» DATA SECTION:
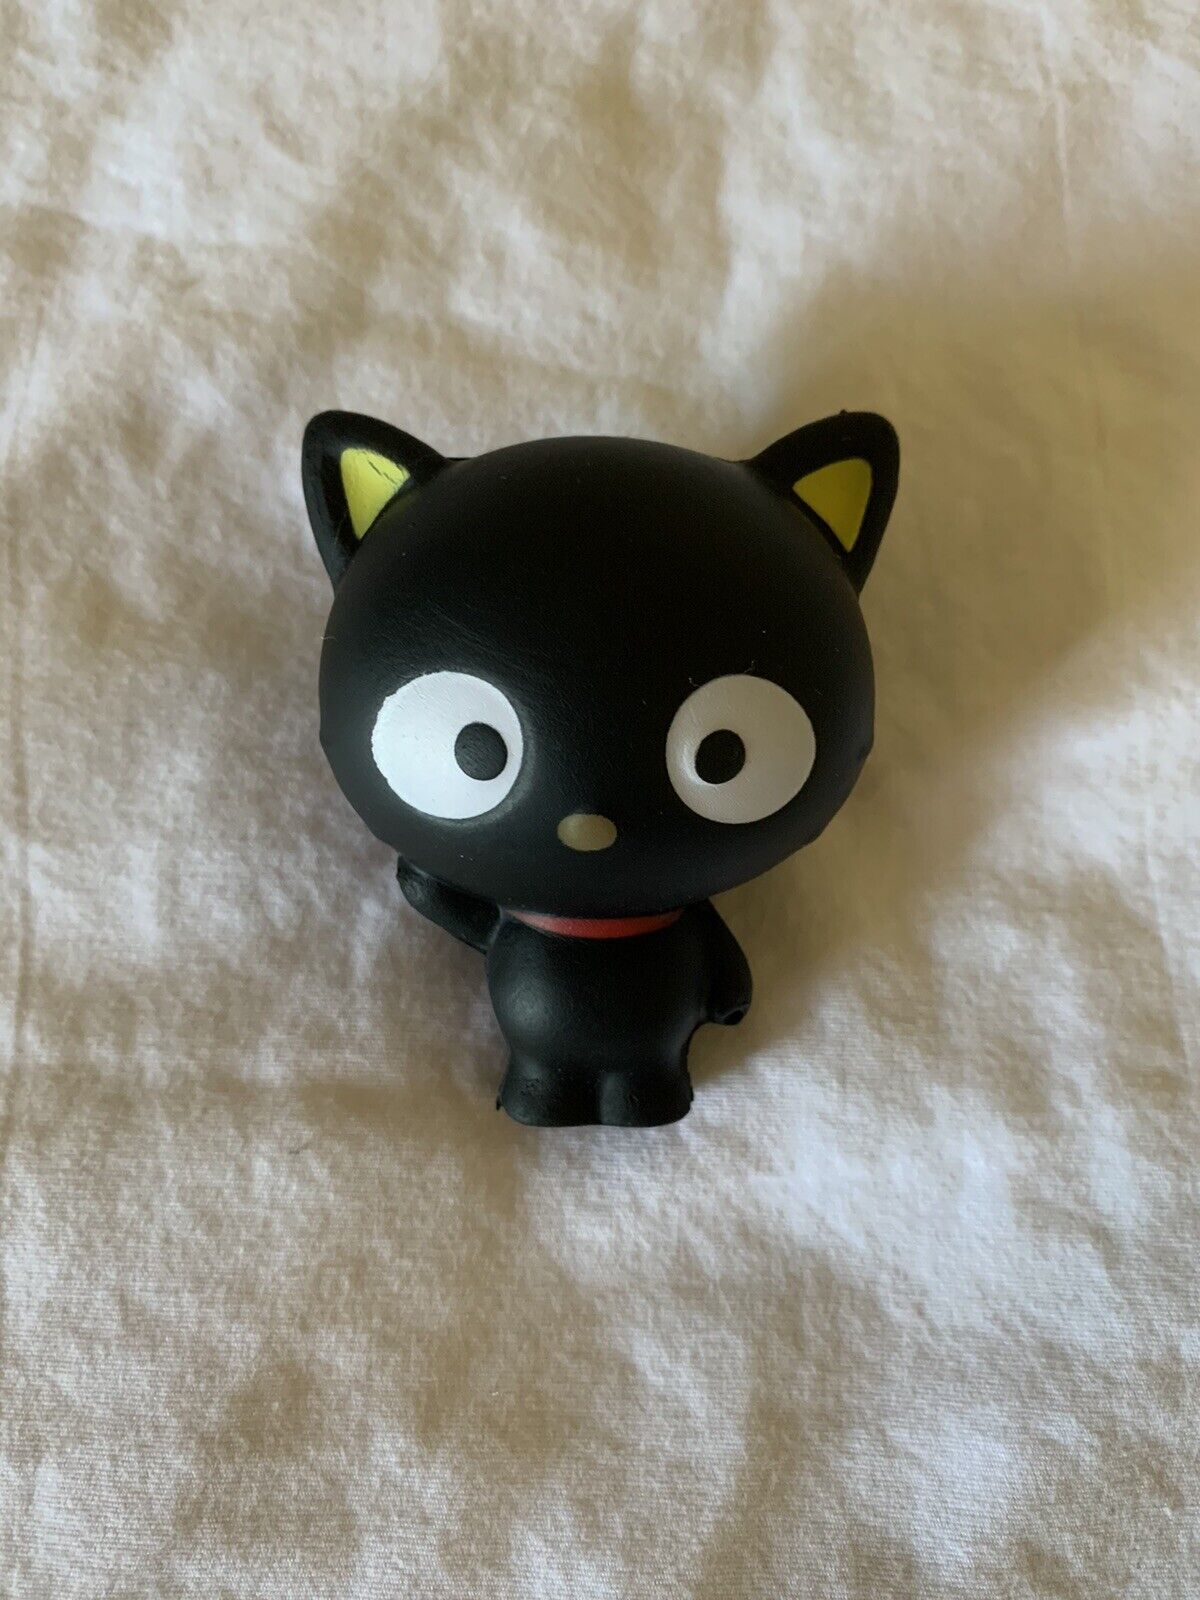 2017 Hello Sanrio Hello Kitty and Friends SquishMe Small Chococat Squishable Toy
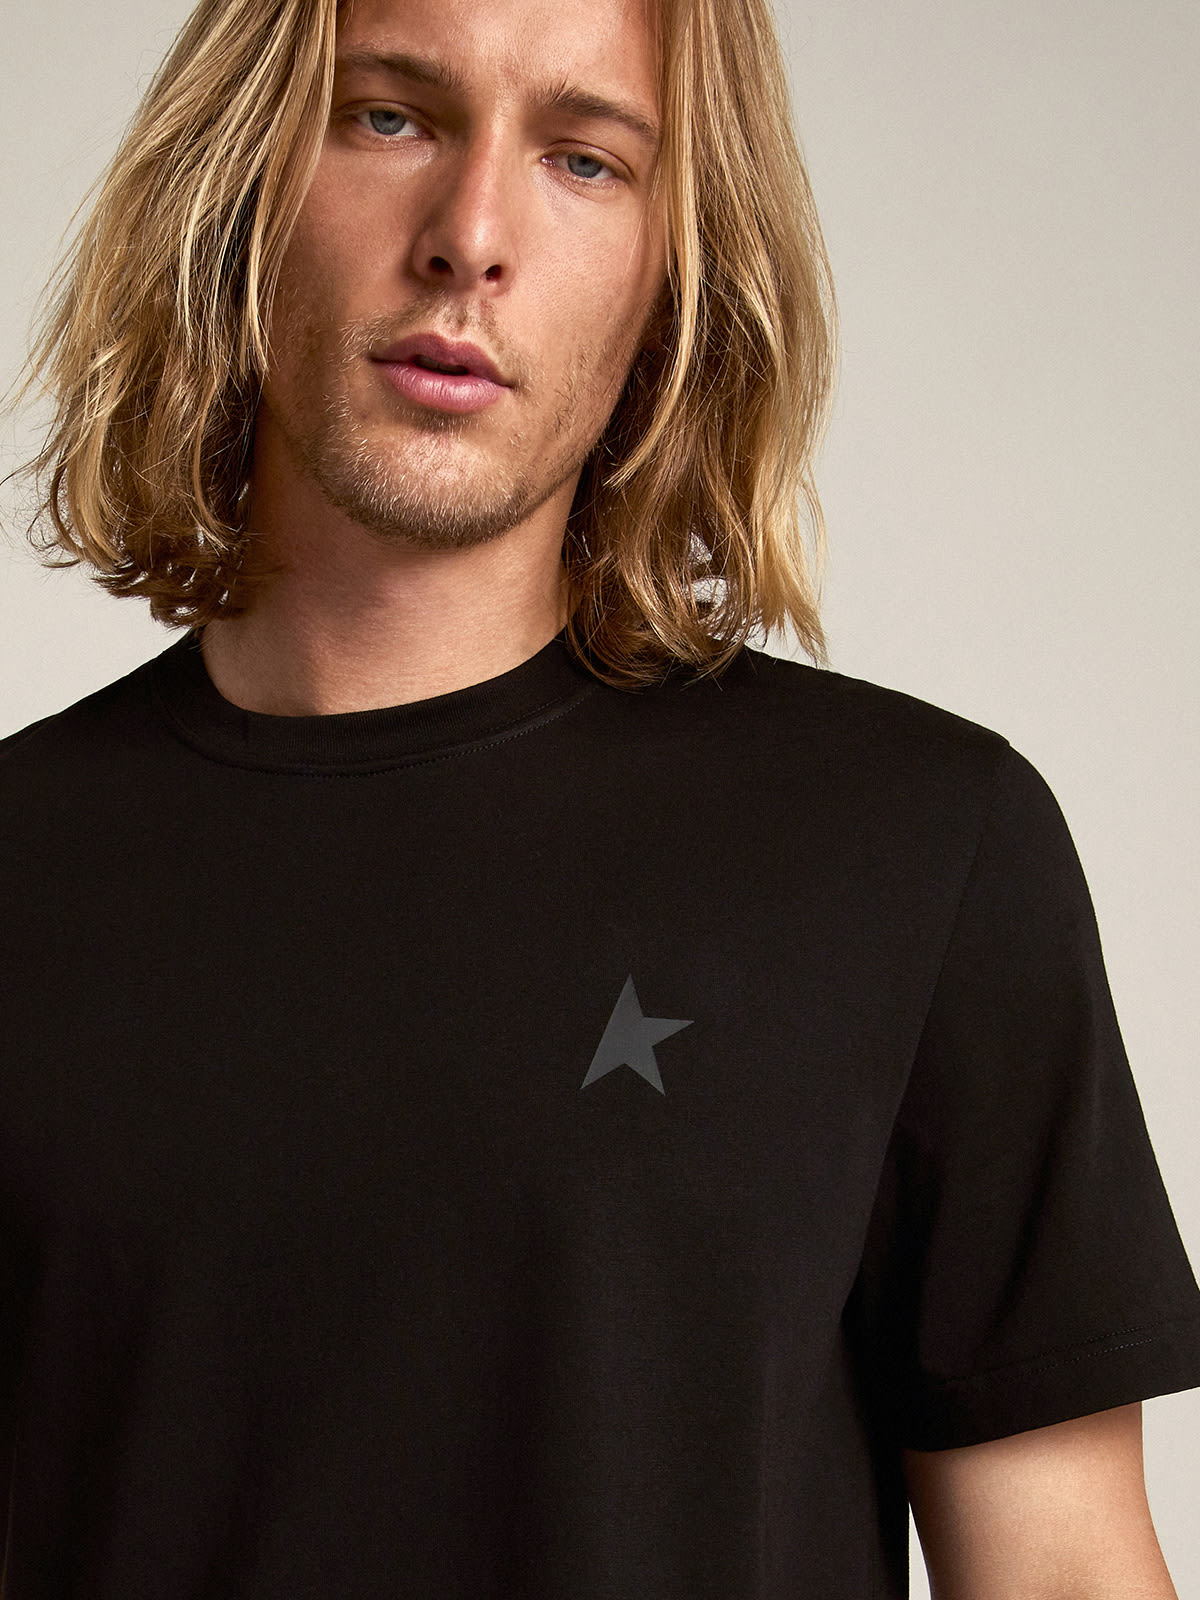 Golden Goose - Schwarzes T-Shirt aus der Star Collection mit Ton in Ton gehaltenem Stern auf der Vorderseite in 
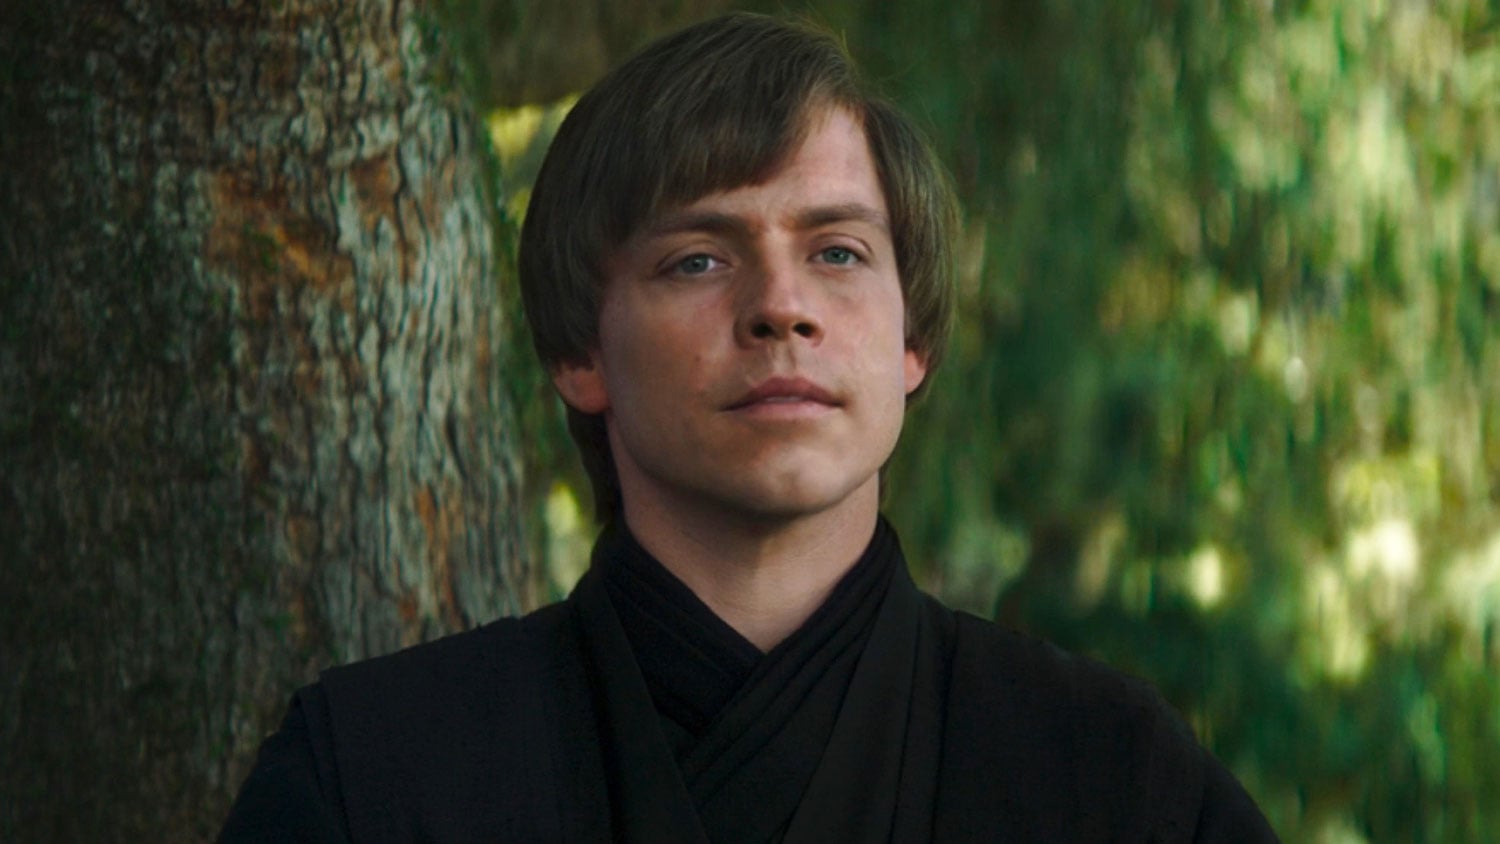 Luke-Skywalker-Star-Wars-Show-Lucasfilm
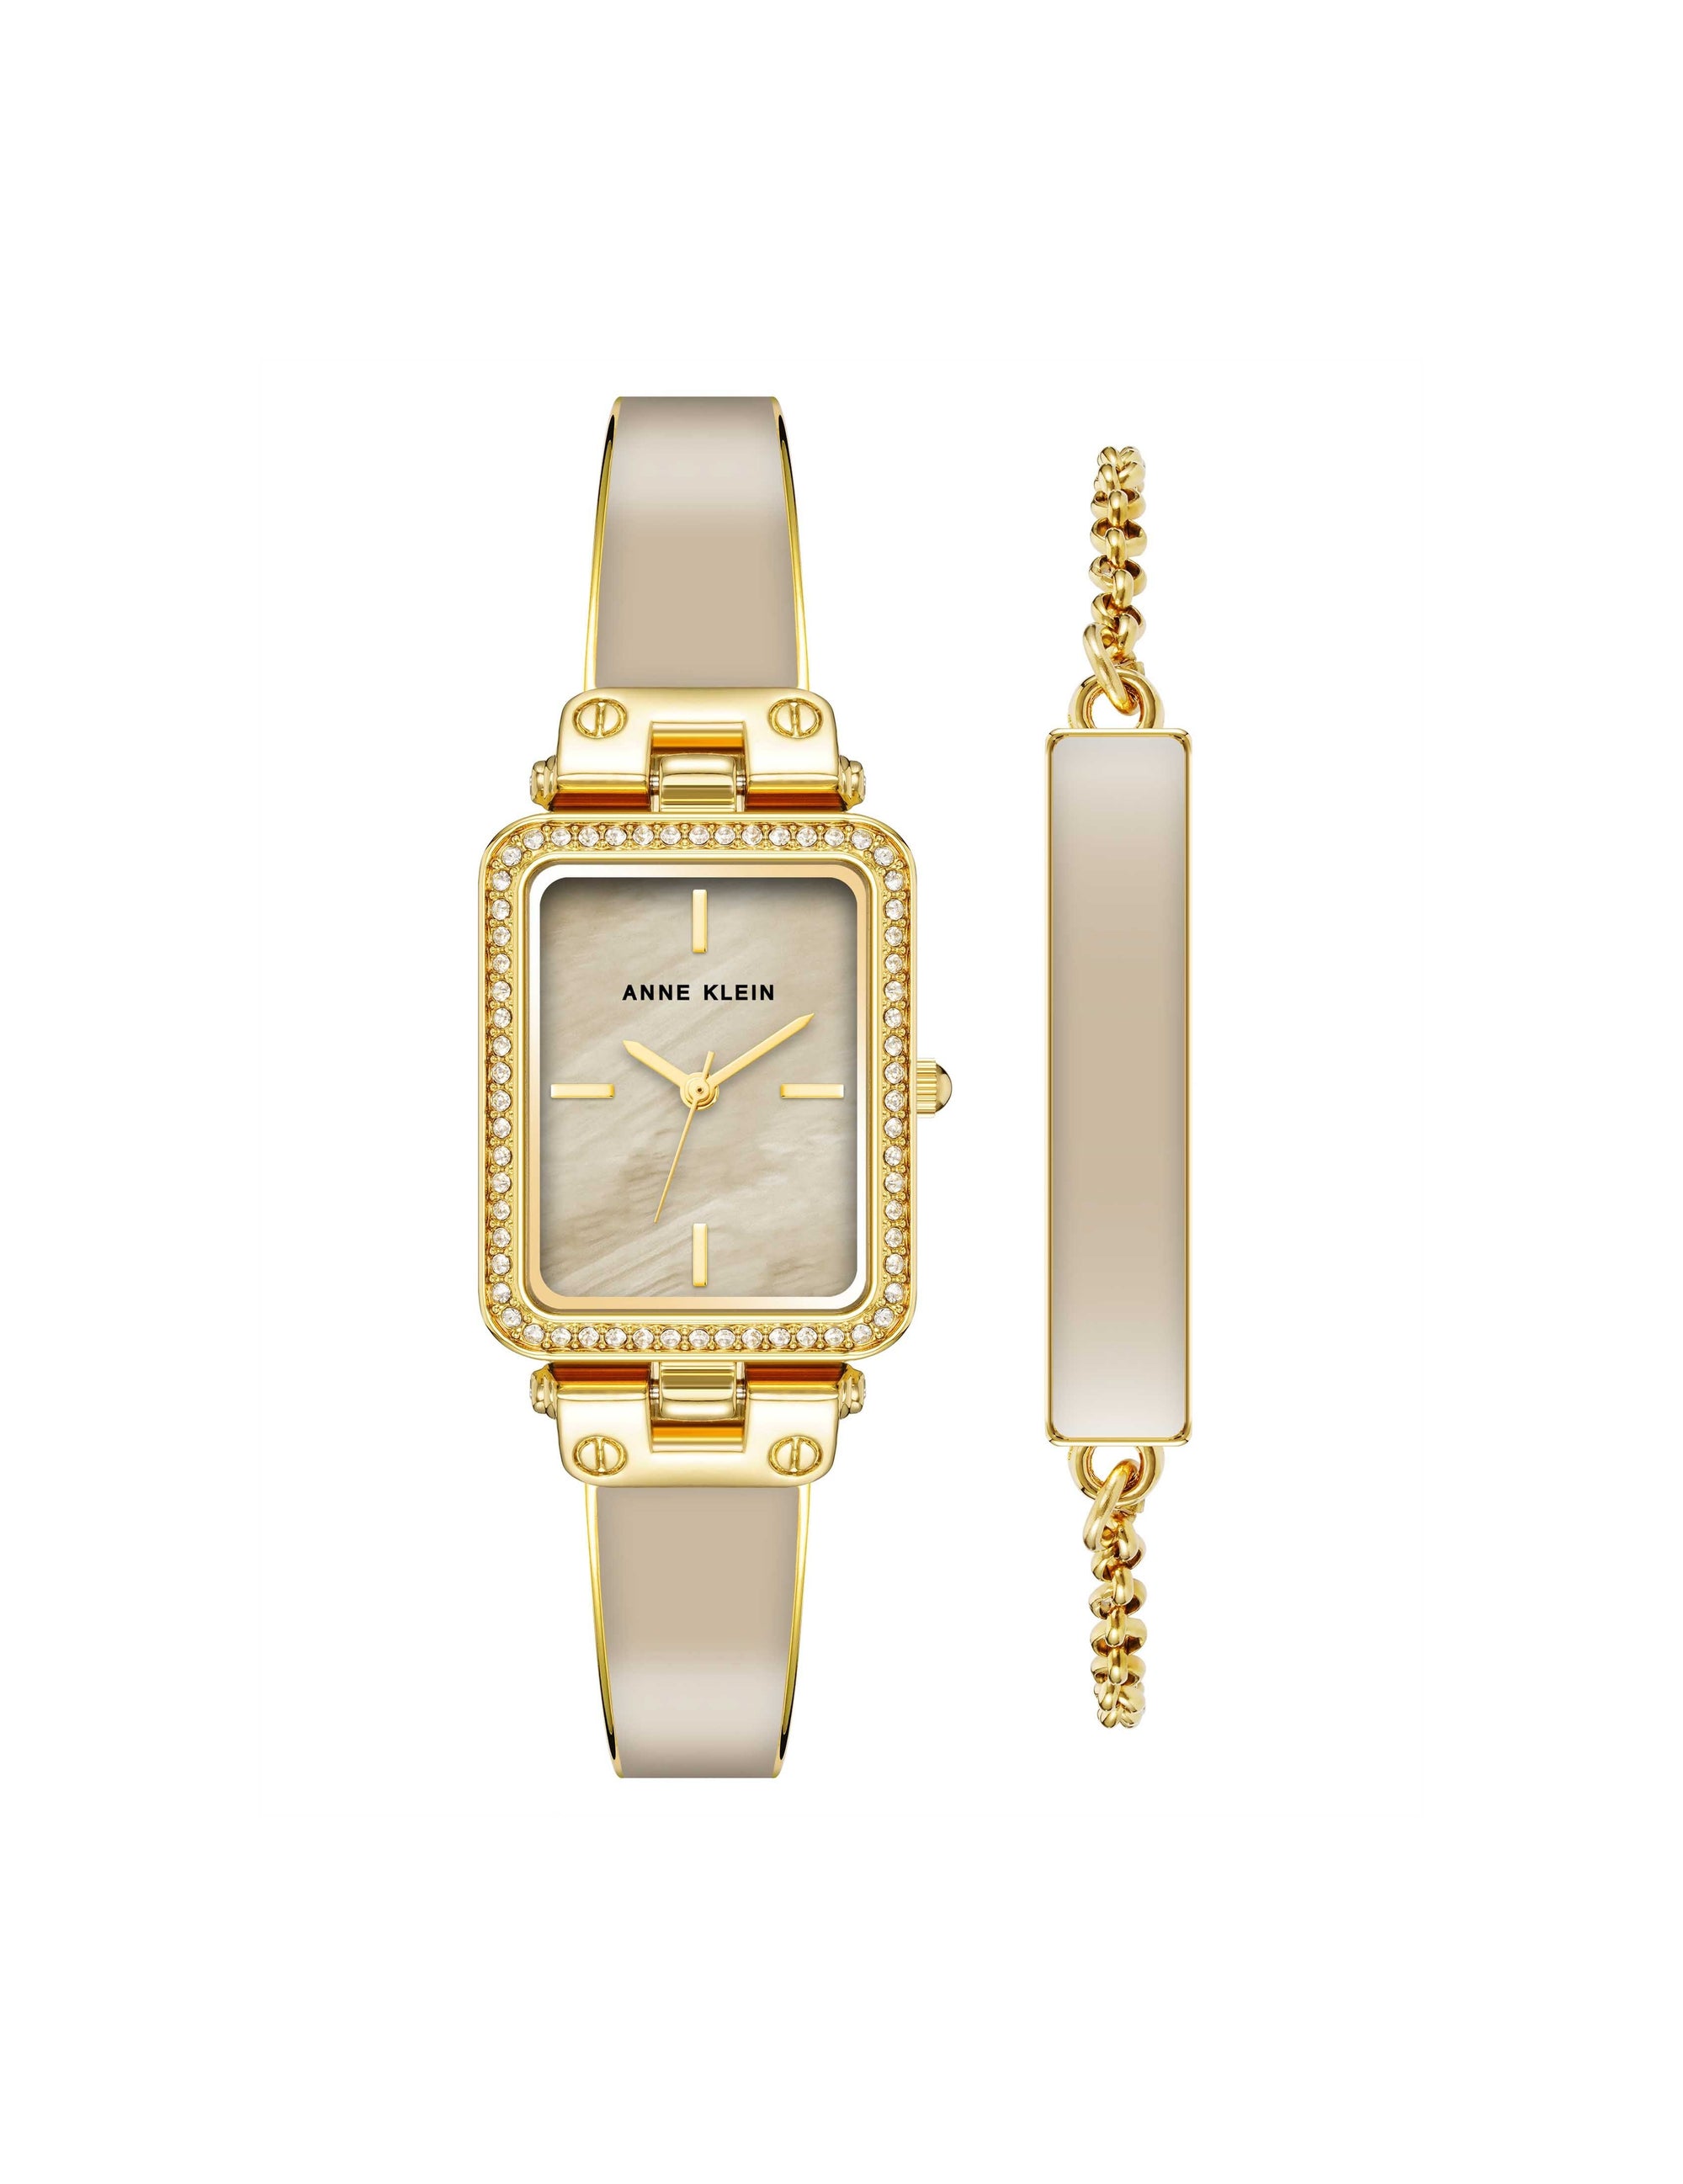 Anne Klein Women's Premium Crystal Accented Bracelet Watch AK/2928 | eBay

» PROBLEM STATEMENT: Return the data exactly as it stands, minus the pictures.

» TASK SOLUTION:
 2017 Hello Sanrio Hello Kitty and Friends SquishMe Small Chococat Squishable Toy
 Golden Goose - Schwarzes T-Shirt aus der Star Collection mit Ton in Ton gehaltenem Stern auf der Vorderseite in 
 Luke-Skywalker-Star-Wars-Show-Lucasfilm
 Anne Klein Women's Premium Crystal Accented Bracelet Watch AK/2928 | eBay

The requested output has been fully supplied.